**WORK INSTRUCTIONS**
Everything from the line that holds "Baby Moo Teddy" through the end of the listing below must be retyped word for word, without any pictures.

**RECORDED INFORMATION**
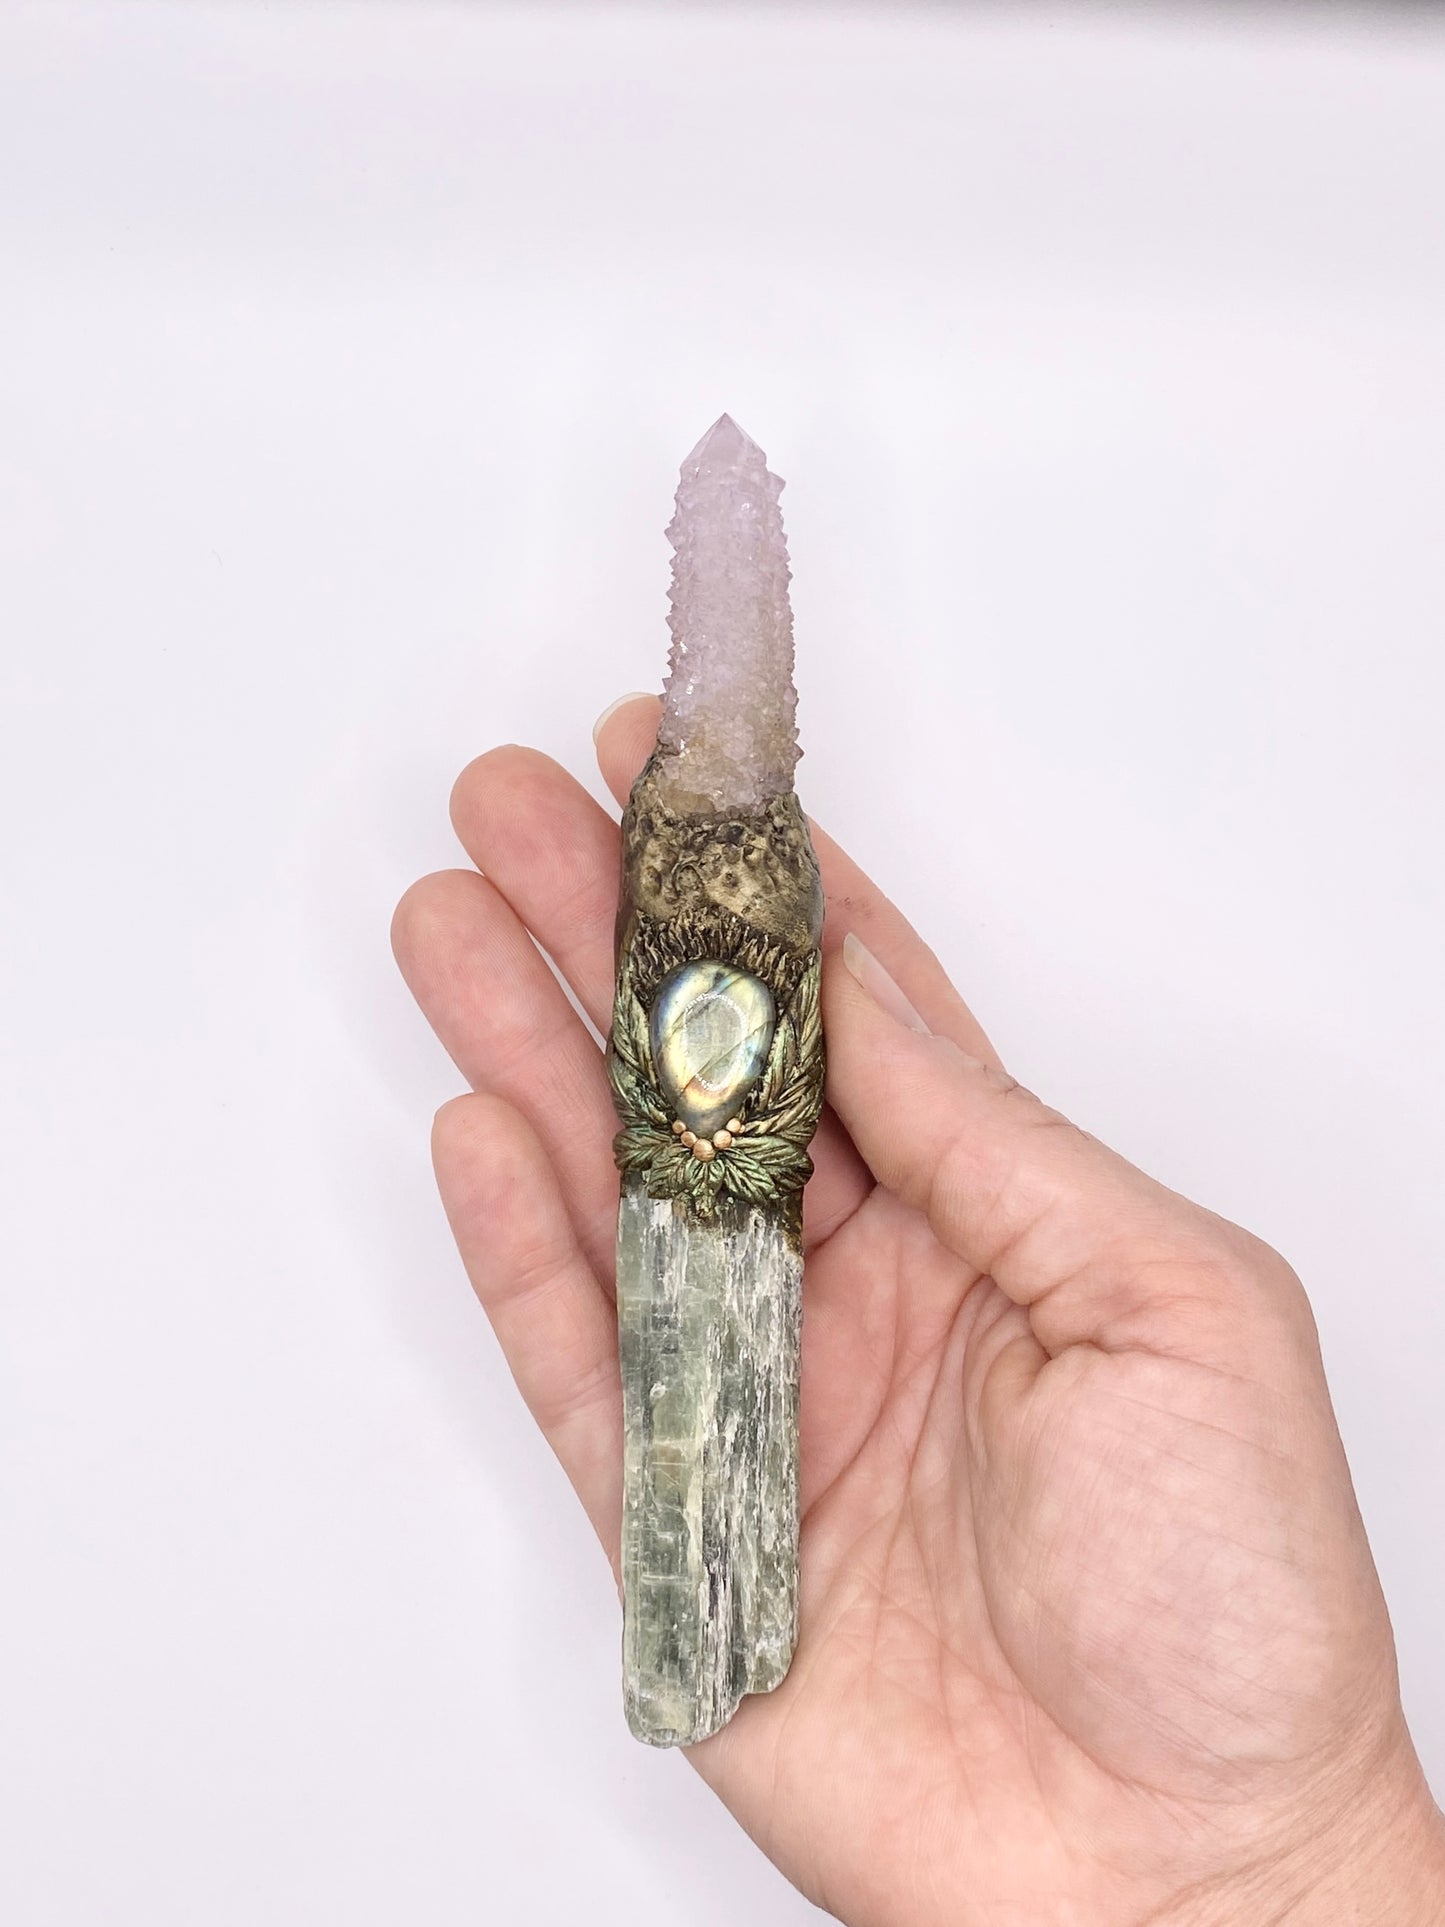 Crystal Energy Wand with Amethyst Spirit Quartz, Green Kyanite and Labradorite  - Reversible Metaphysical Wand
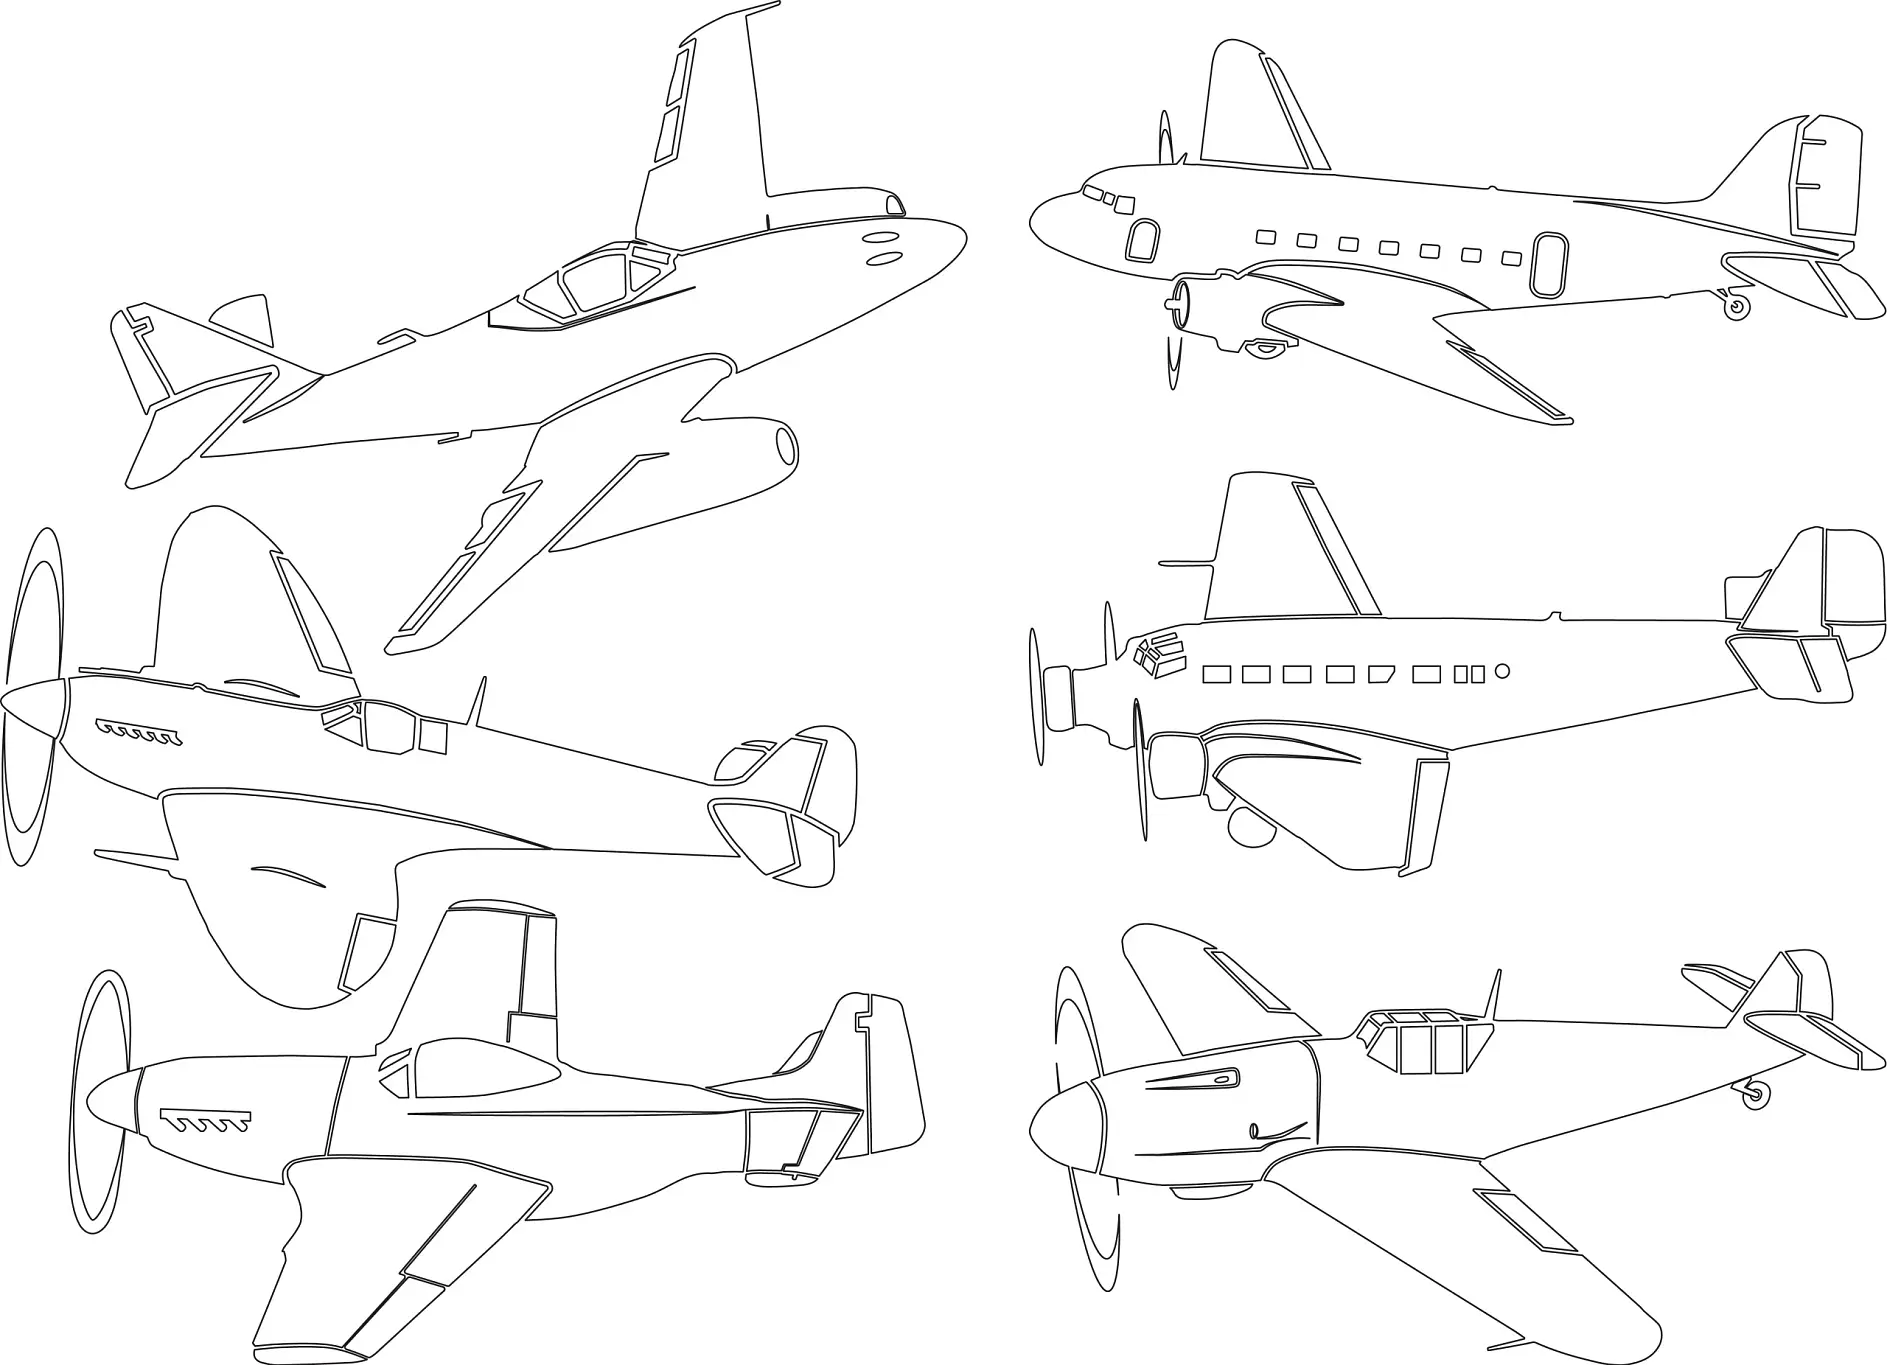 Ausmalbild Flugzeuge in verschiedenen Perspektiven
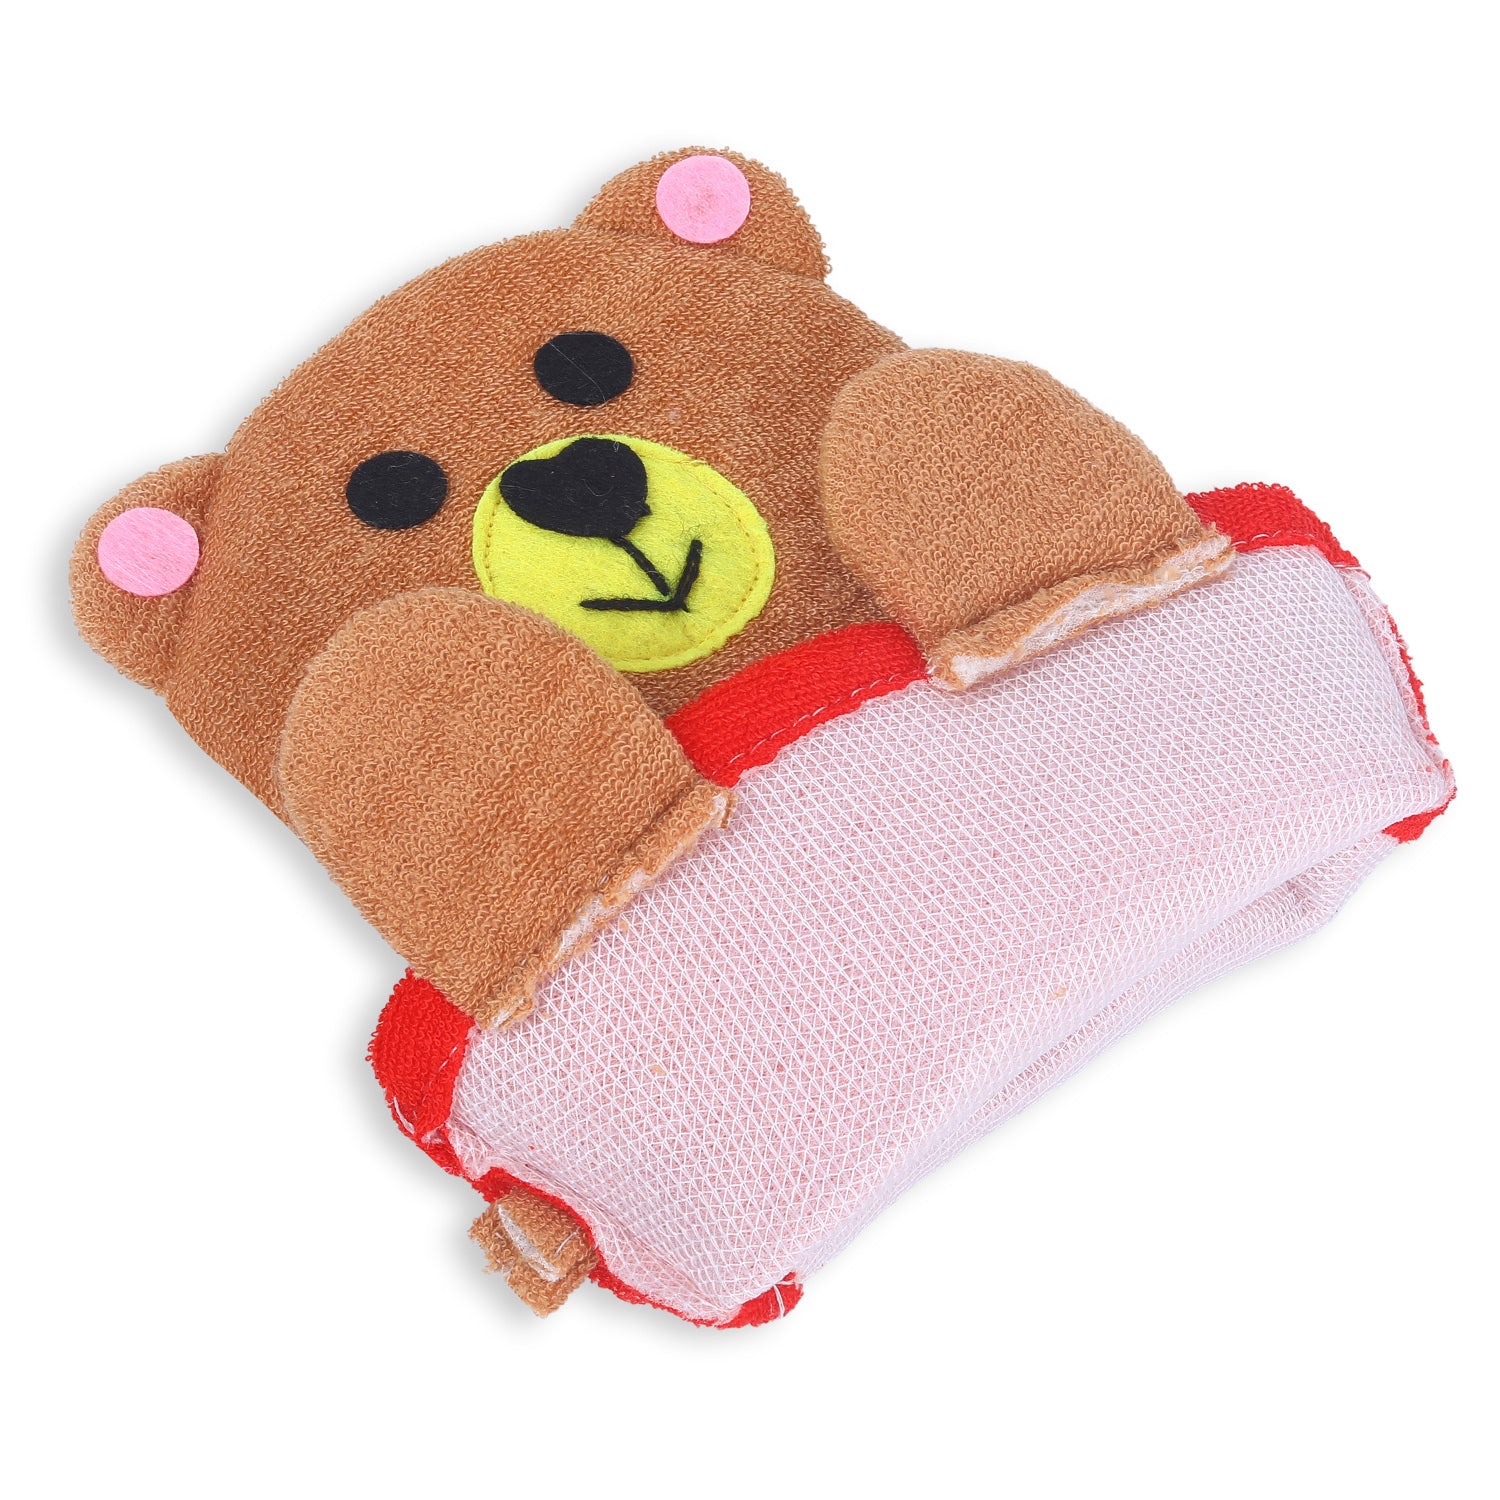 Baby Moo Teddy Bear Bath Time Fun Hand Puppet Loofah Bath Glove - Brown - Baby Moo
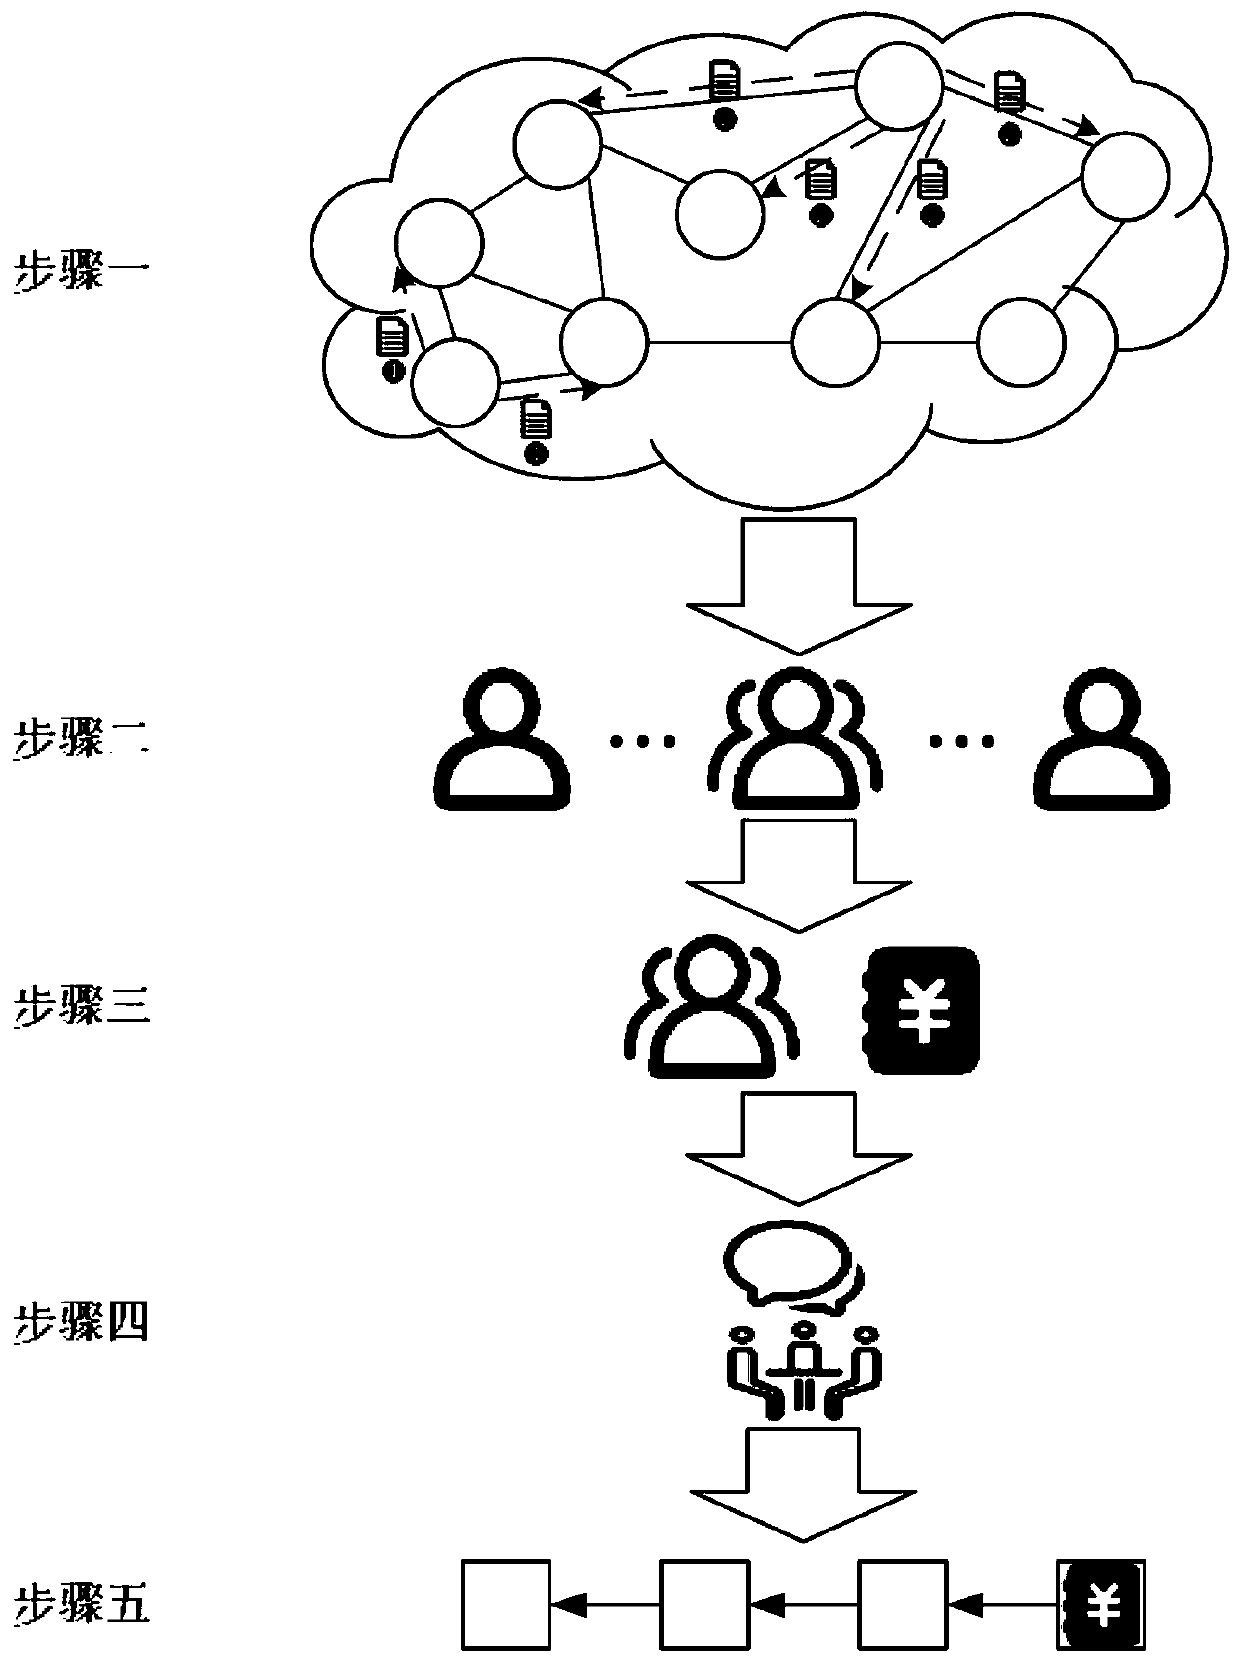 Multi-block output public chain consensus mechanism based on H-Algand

**SOLUTION FOR THIS TASK**
 Baby Moo Teddy Bear Bath Time Fun Hand Puppet Loofah Bath Glove - Brown - Baby Moo
 Multi-block output public chain consensus mechanism based on H-Algand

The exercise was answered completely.